PENDAHULUAN
Demam Tifoid
Etiologi
Basil penyebab tifoid adalah Salmonella typhi dan paratyphi dari genus
Salmonella. Basil ini adalah gram negatif, bergerak, tidak berkapsul, tidak
membentuk sporta, tetap memiliki fimbria, bersifat aerob dan anaerob falkulatif.
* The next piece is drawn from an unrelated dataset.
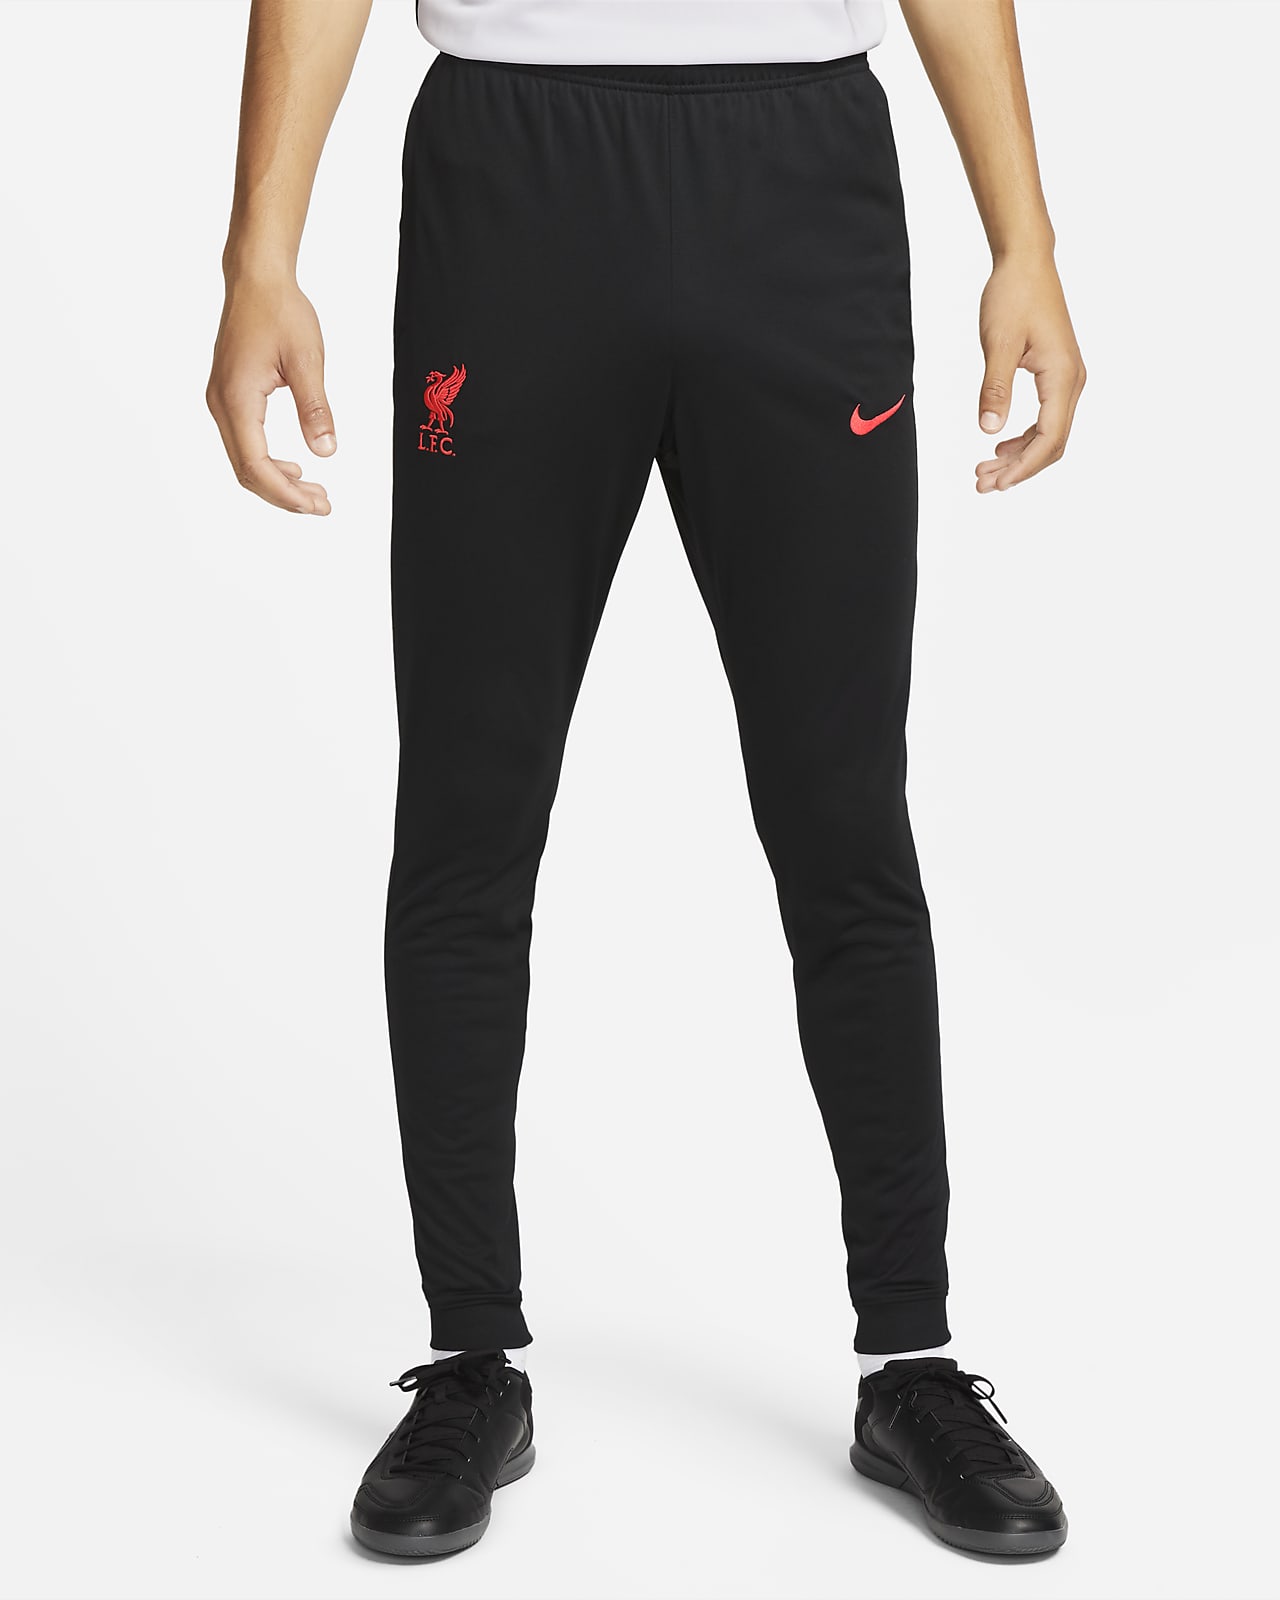 Ανδρικό πλεκτό ποδοσφαιρικό παντελόνι φόρμας Nike Dri-FIT εκτός έδρας Λίβερπουλ Strike
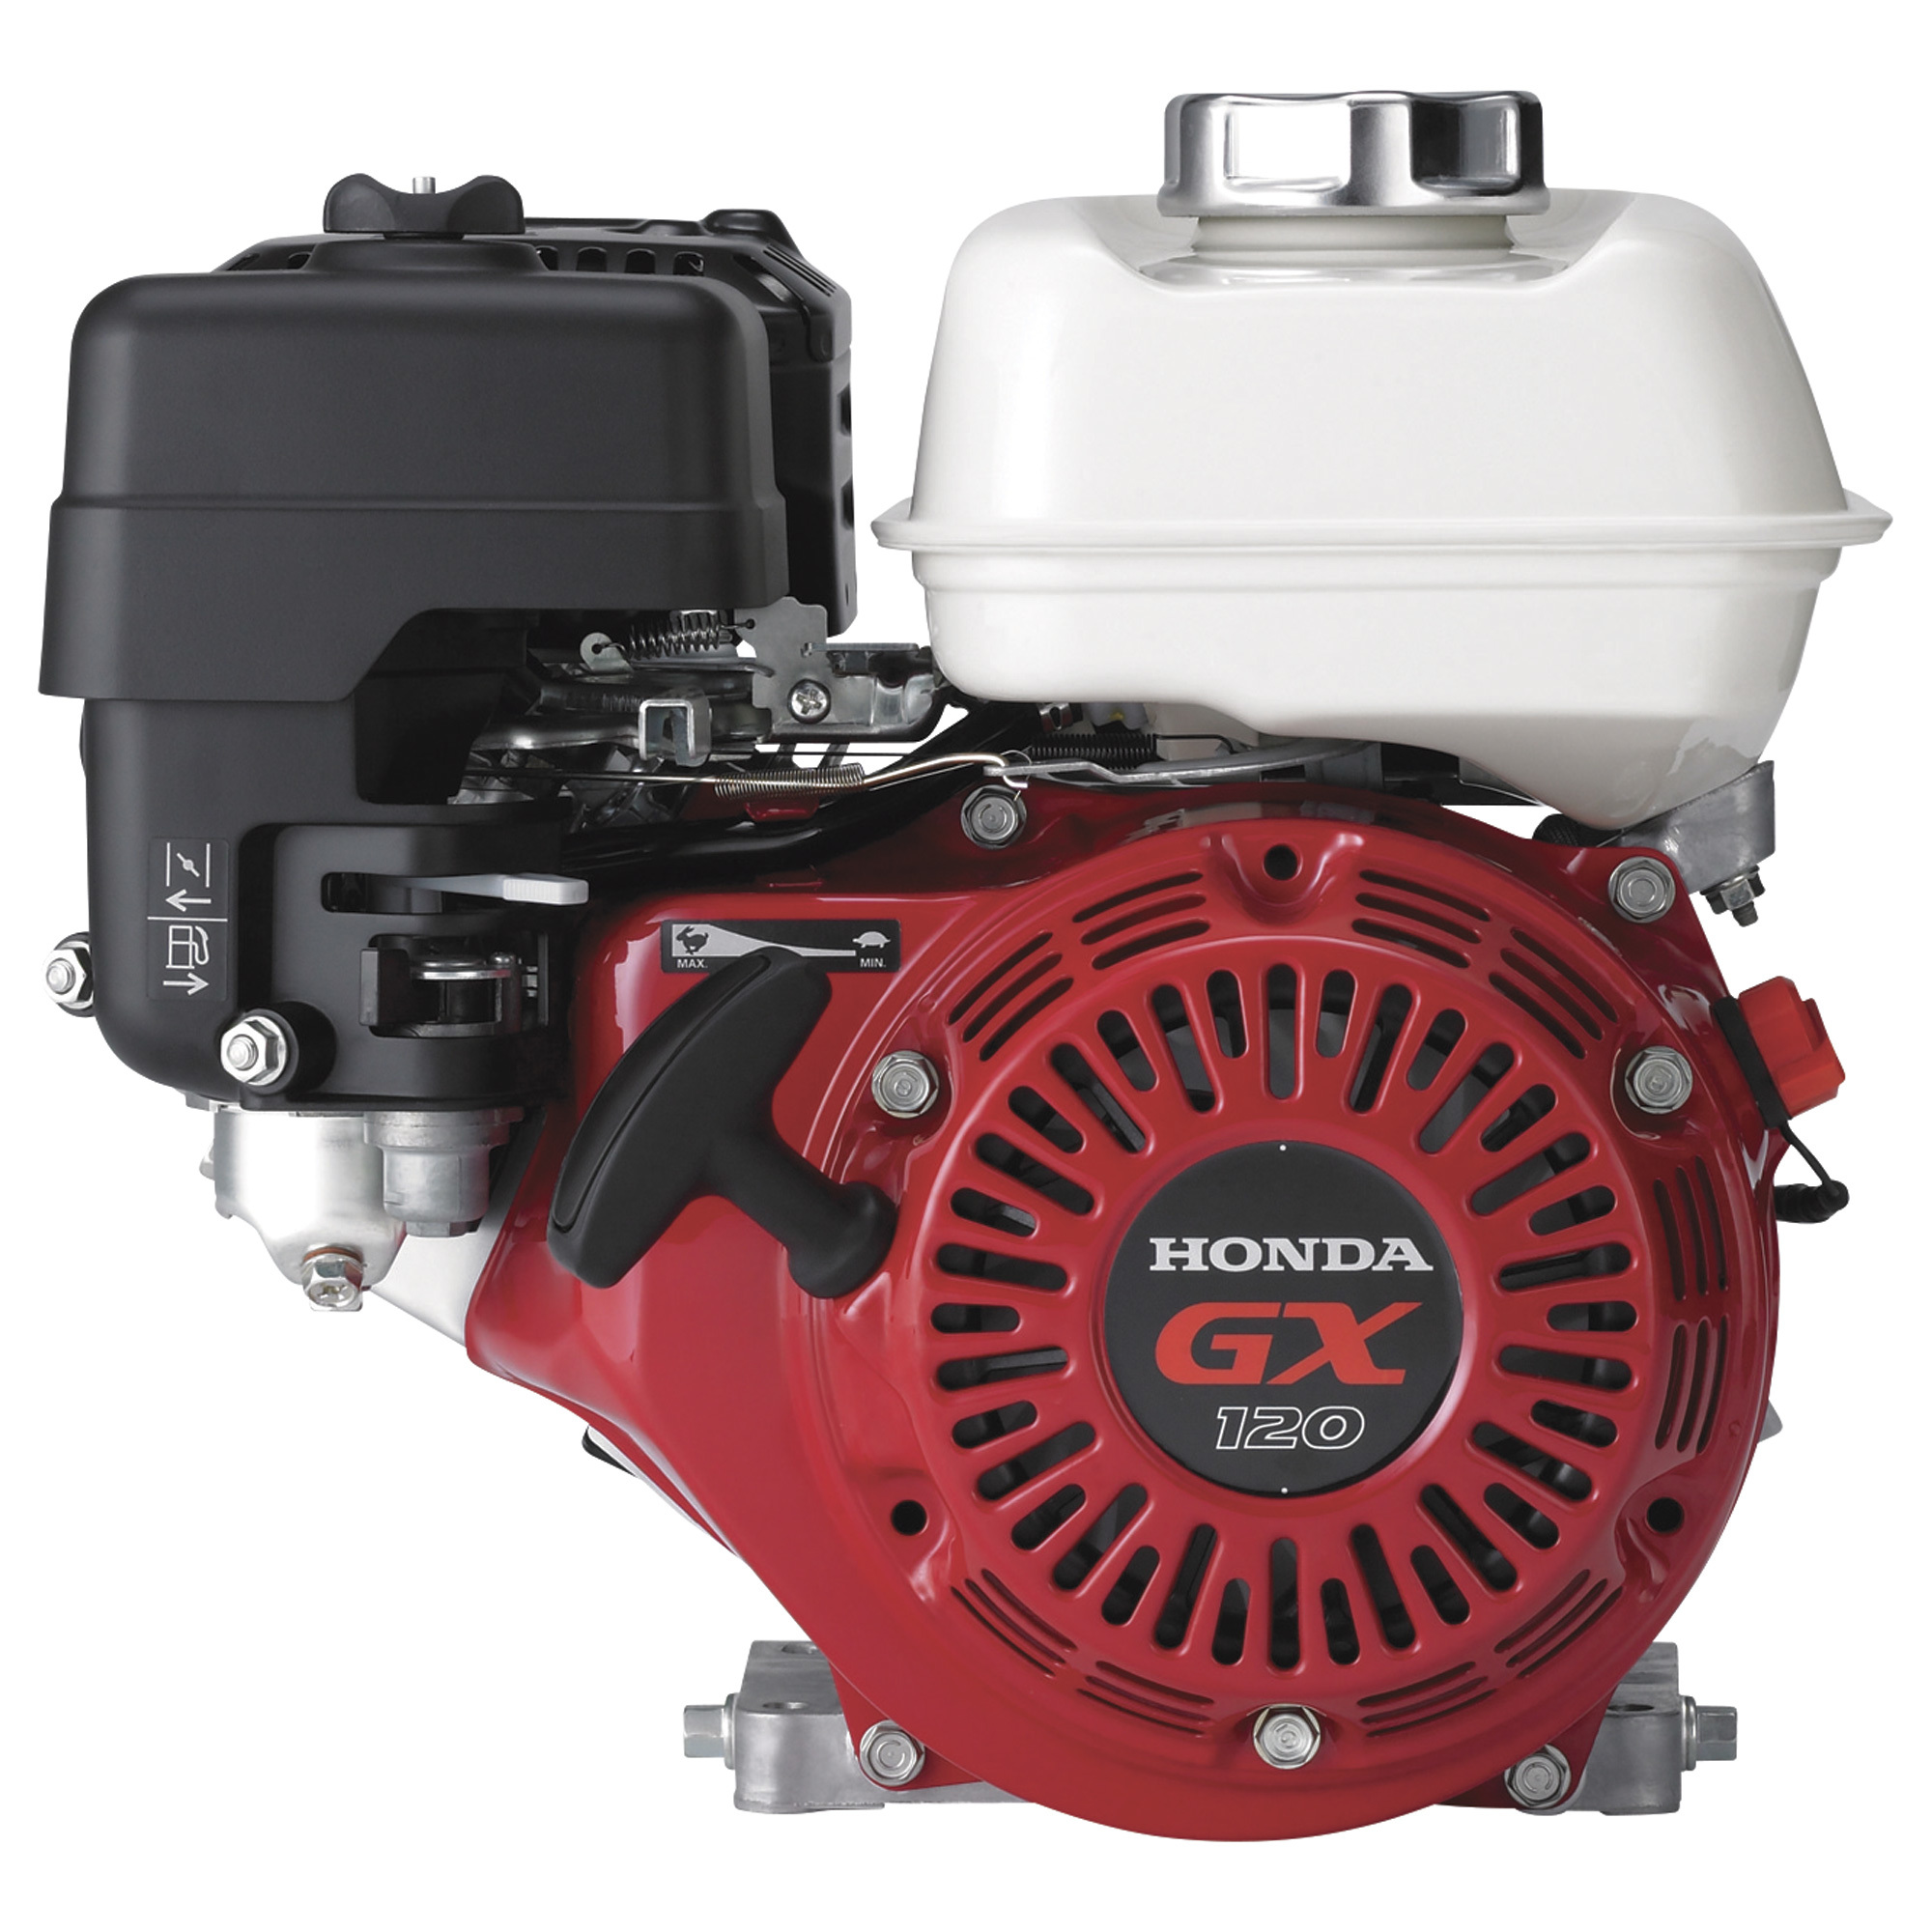 Honda Horizontal OHV Engine for Non-Honda Pumps â 118cc, GX Series, Threaded 5/8Inch x 2 7/16Inch Shaft, Model GX120UT2TX2

Ukuran antara (2-4) x 0,6 μm. Suhu optimum untuk tumbuh adalah 37°C dengan
PH antara 6 – 8. Perlu diingat bahwa basil ini dapat hidup sampai beberapa
minggu dialam bebas seperti di dalam air, es, sampah dan debu. Sedangkan
reservoir satu-satunya adalah manusia yaitu seseorang yang sedang sakit atau
karier (Widodo, 2016).
Epidemiologi
Insidens demam tifoid tergolong tinggi terjadi di wilayah Asia Tengah,
Asia Selatan, Asia Tenggara, dan kemungkinan Afrika Selatan (Insidens> 100
kasus per 100.000 populasi per tahun). Insiden demam tifoid yang tergolong
sedang (10-100 kasus per 100.000 populasi per tahun) berada diwilayah Afrika,
Amerika Latin, dan Oceania (kecuali Australia dan SelandiaBaru); serta yang
termasuk rendah (<10 kasus per 100.000 populasi per tahun) dibagian dunia
lainnya. Di Indonesia, insiden demam tifoid banyak dijumpai pada populasi yang
berusia 3-19 tahun. Kejadian demam tifoid di Indonesia juga berkaitan dengan
1
rumah tangga, yaitu adanya anggota keluarga dengan riwayat terkena demam
tifoid, tidak adanya sabun untuk mencuci tangan, menggunakan piring yang sama
untuk makan, dan tidak tersedianya tempat buang air besar dalam rumah (Widodo,
2016).
Patogenesis
Masuknya kuman Salmonella thyphi (S. Typhi) dan Salmonella paratyphi
(S. Paratyohi) ke dalam tubuh manusia terjadi melalui makanan yang
terkontaminasi. Sebagian kuman dimusnahkan dalam lambung, sebagian lolos
masuk ke dalam usus dan selanjutnya berkembang biak. Bila respon imunitas
humoral mukosa (igA) usus kurang baik, maka kuman akan menembus sel-sel
epitel (terutama sel-M) dan selanjutnya ke lamina propria. Di lamina propria
kuman berkemang biak dan difagosit oleh sel-sel fagosit terutama oleh makrofag.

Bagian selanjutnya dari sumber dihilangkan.